One culprit is a department’s own view of itself as an independent entity with its own customers and customer service.  A public works department may become so self-centered that it thinks it needs its own customer call center and walk-in service center for customers and its own website with its own unique logo and brand.

Turf Wars

Turf Wars

Such a situation arises when department directors and senior staff are long-term employees who have outlasted many elected officials and collected significant positional power.

Another way this comes about is long-term employees in an IT unit or call center who have convinced their managers of their own importance – the department can’t function without their personal presence and unique experience.  Then these employees fight over turf – “this is MY department’s responsibilities, not yours”.  Government managers count their importance by the number of employees they manage and the amount of budget they control.  And the jealously guard and defend that turf.

But citizens rarely care about such crap.   They typically know who the mayor is and may also know their council member, and they want good service from their government, irrespective of the department lines.     Smart Mayors and city/county managers realize this, and set up strong, well-managed central services which are cross-departmental. Strong mayors confront departmental fiefdoms and employee self-importance, understanding citizen service trumps all that.   In smaller jurisdictions the city or county will partner with neighboring cities or counties to jointly offer better services with more efficiency.   Multi-city or county cooperation requires gutsy elected officials who are willing to give up a measure of control in return for better services.

But all of this – implementing a 311 service or consolidating a technology function – requires strong elected officials with a vision of citizen-centric customer service.

5 Comments

Filed under 311, customer service, employees, government, government operations, management of technology

5 responses to “People Live Horizontally but Government Organizes in Silos

  1. Pingback: Link: Where new ideas take root – FT.com – The Turning Grille

  2. Well said Bill. 311 is an excellent concept.

  3. Bill, You must still be tuned in to Seattle.

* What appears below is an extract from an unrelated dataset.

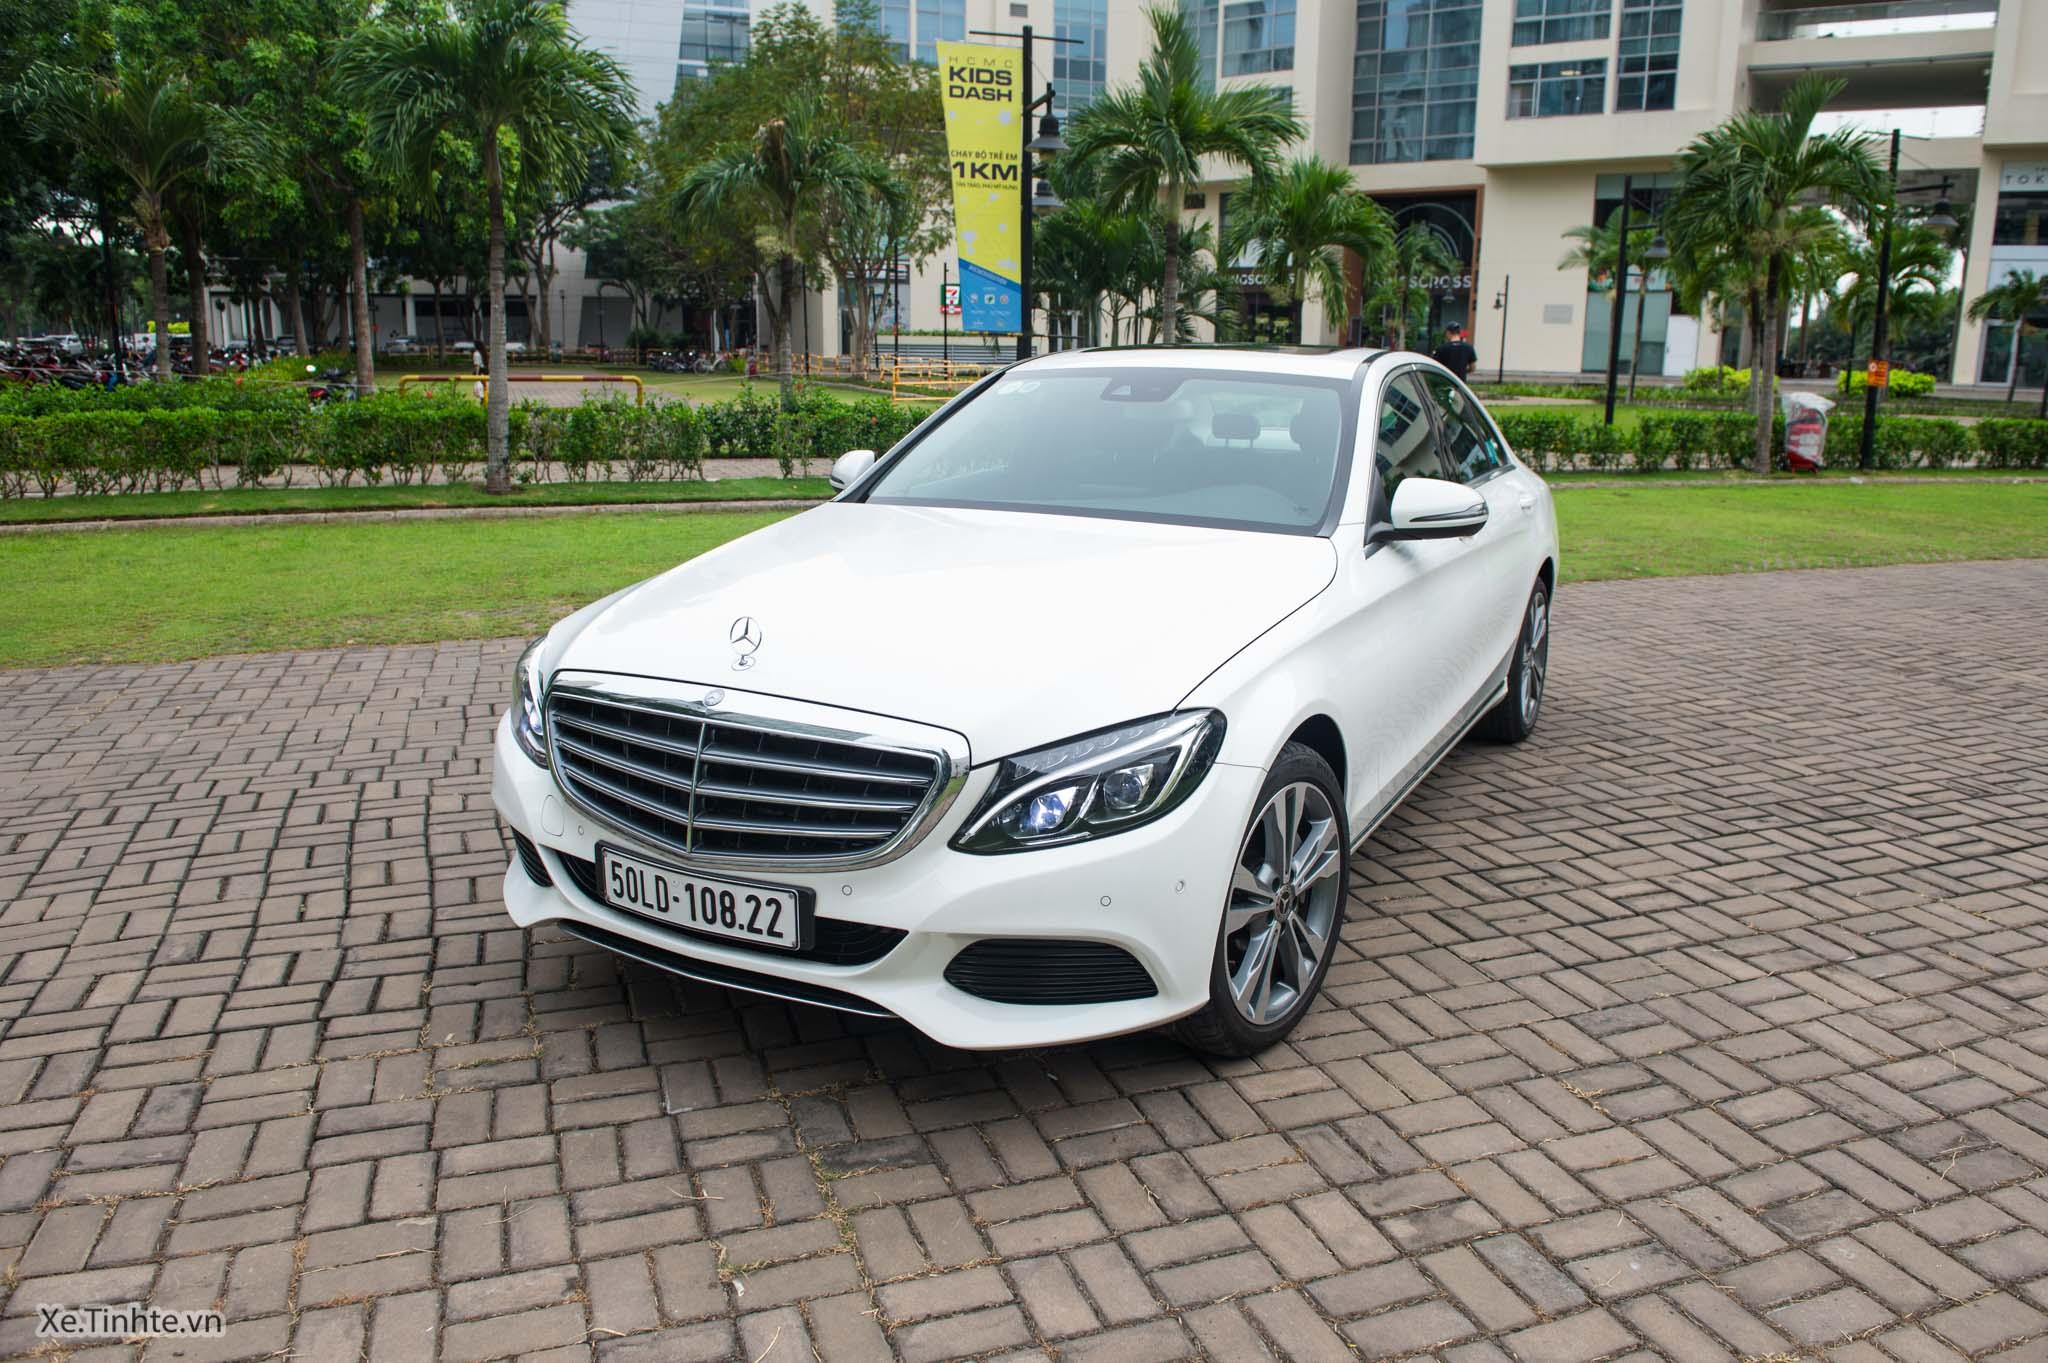 Mercedes_C250 Exclusive_Xe.tinhte.vn-7065.jpg

I just met with my new Director and the new CTO about Customer Service, discussing integrating Work Management with the CSR system for Citywide Customer Service. They both said as the meeting was ending, “Why doesn’t Seattle have a 311 system?” That’s a good question and a long story and I don’t think I even know the half of it. Good Story!

    • Schrier

      It is crazy we don’t implement 311. All gets back to electing all your city council members at large – they don’t feel the pain of constituent complains, only the Mayor does, so the council doesn’t feel any urgency to fund 311. That will change! Thanks for the comment, Amy.

  4. Rodrigo

    hi, bill. though i agree with the premise and the title of your article, you lost me towards the end when you attributed the problem to individual employees who have been in their jobs for a while. the “few bad apples” theory has been debunked across the many settings that struggle with issues of inefficiency, fraud, etc. maybe back that piece up with some research? it seems terribly anecdotal. my understanding is that systems problems require systems solutions. the recommendations you make have been tried in many cities, counties, states, and come with their own set of problems.